Reporters and politicians have often characterized rural Americans as indifferent to political news or “Beltway intrigue,” which they set up in opposition to more “authentic” concerns such as grain prices, local tax burdens and small-town governance.

This reinforces a damaging stereotype that people in small towns are simple folks, living simple lives set apart from the rhythms of life in big cities. But actual data on rural news consumption paints a very different picture. In 2012, for instance, a Pew Research Center survey found very little difference in news consumption habits between people in rural areas and those living elsewhere. Crucially, the study showed rural Americans were no different from people in other communities when it came to their interest in such major news topics as politics, crime and breaking news.

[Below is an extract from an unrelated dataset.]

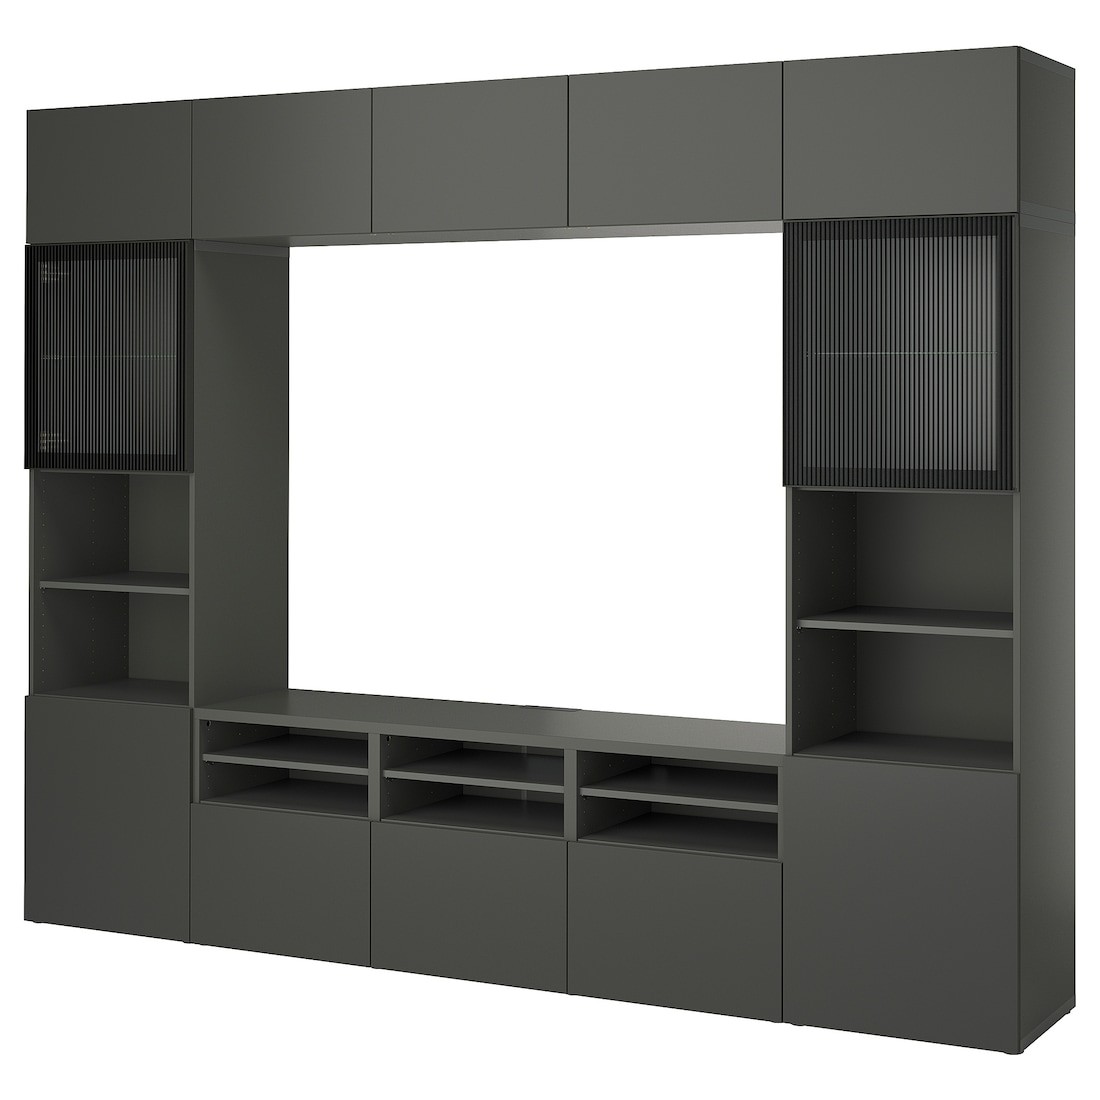 BESTÅ Комбинация для ТВ / стеклянные двери, темно-серый Lappviken / Fällsvik антрацит, 300x42x231 см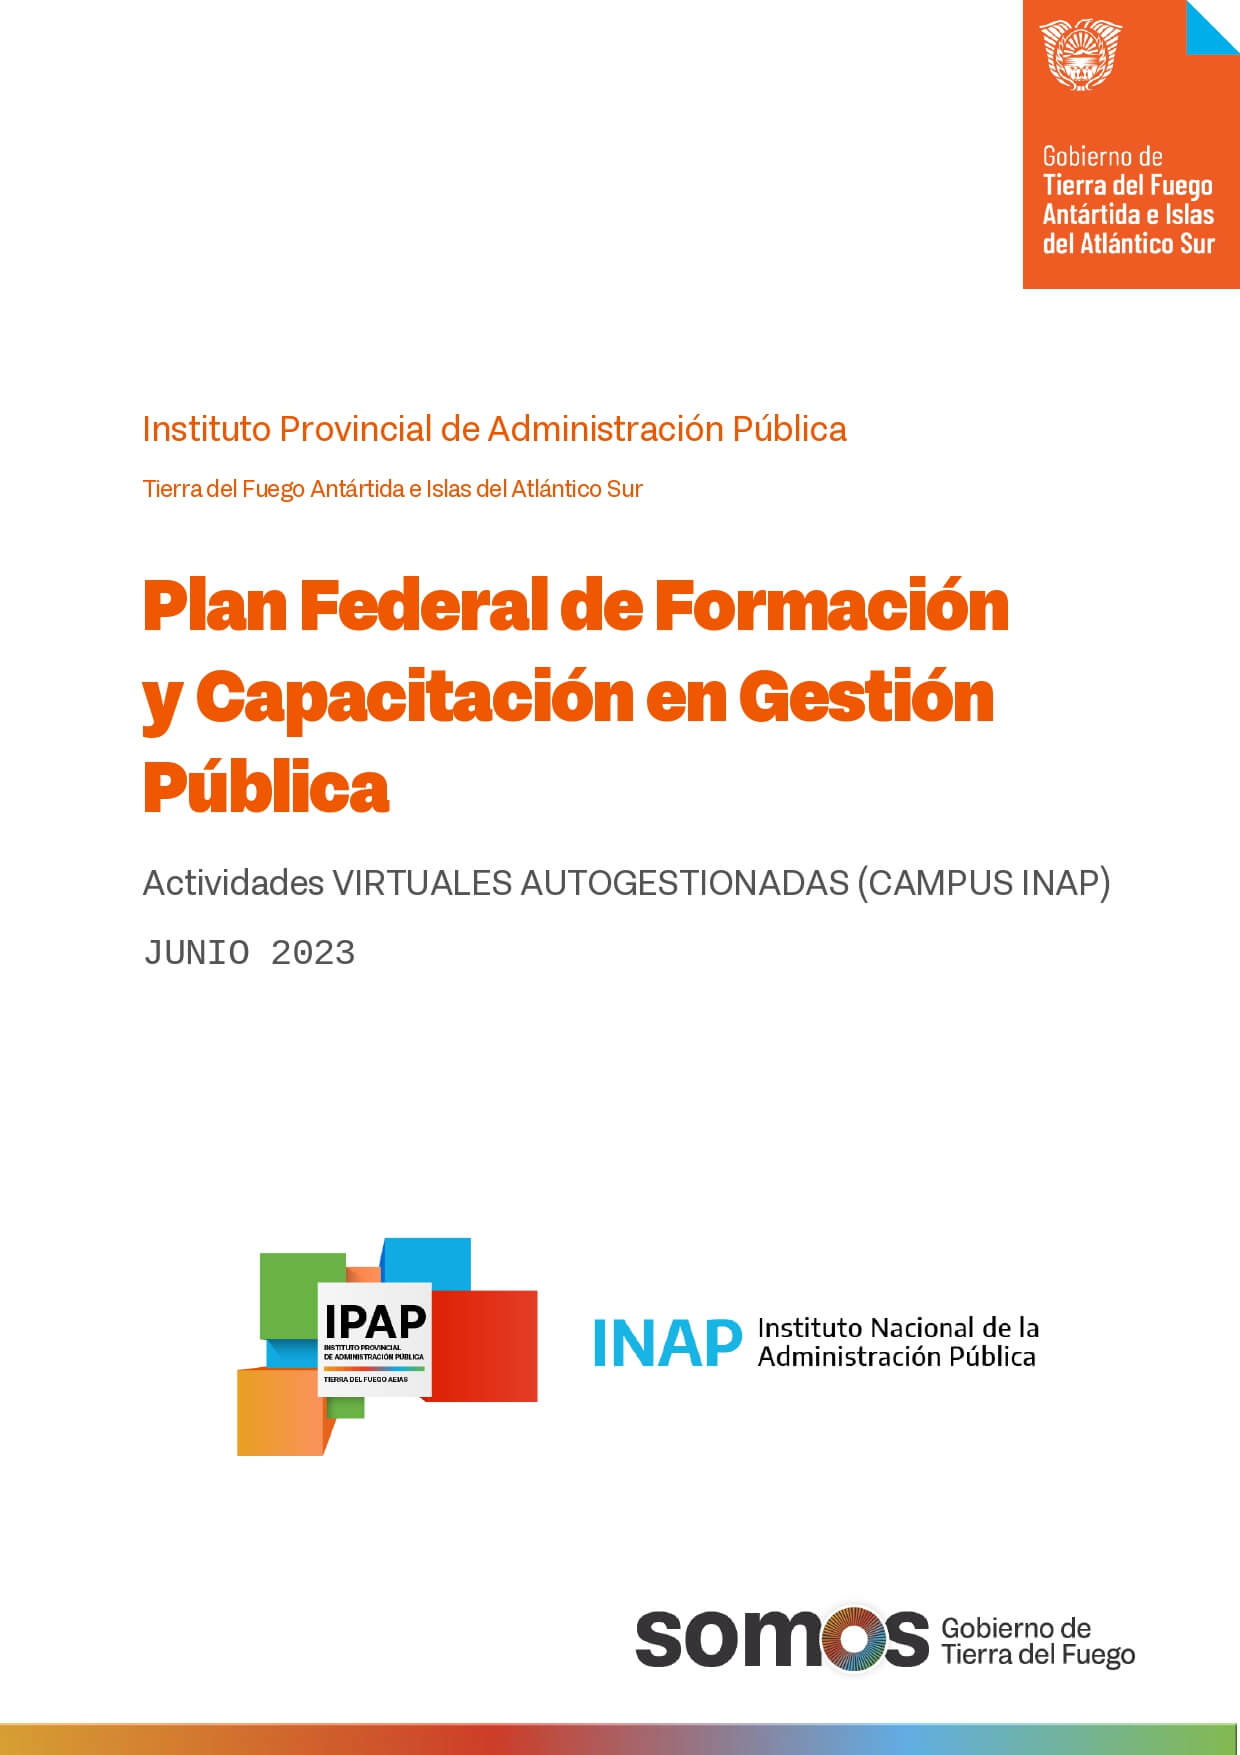 Plan Federal de Formación y Capacitación en Gestión Pública – Actividades de Junio de 2023

My own experience in northwest Minnesota confirms this. The arcana of the 24-hour news cycle — Anonymous, Sharpiegate, the Steele dossier — are discussed just as obsessively in small-town bars as they are at D.C. cocktail parties. This shouldn’t come as a surprise: People up here watch the same cable TV talk shows and read the same national news websites as people anywhere else.

#5: Rural America is the ‘real’ America

All of this builds up to what may be the most pernicious myth — that life in rural America is more authentic, more American than life anywhere else. The intent of this narrative is to hold rural people up as exemplars of American life and ideals. But adhering to such simplistic avatars denies them much of their messy, complicated humanity. It reduces the rural experience to a crude caricature that advances the interests of a particular political viewpoint — a white, conservative one.

There’s much to love about life in rural America. After three years here, I have a hard time imagining living anywhere else. The broad skies, open spaces and uncrowded vistas give me a peace I was never able to find living in more populated places. The relative scarcity of people means that those of us who do live here have to forge closer personal bonds to solve the sorts of problems that, in more populated places, are typically handled by anonymous professional bureaucracies.

But there’s a lot to love about life just about anywhere in America. There are as many different modes of being an American as there are towns, or families, or individuals living in this country. The mantle of “real American” — and all the scrutiny, assumptions and mythmaking that come with it — is a burden that none of us should have to bear alone, but rather is one that we can all share.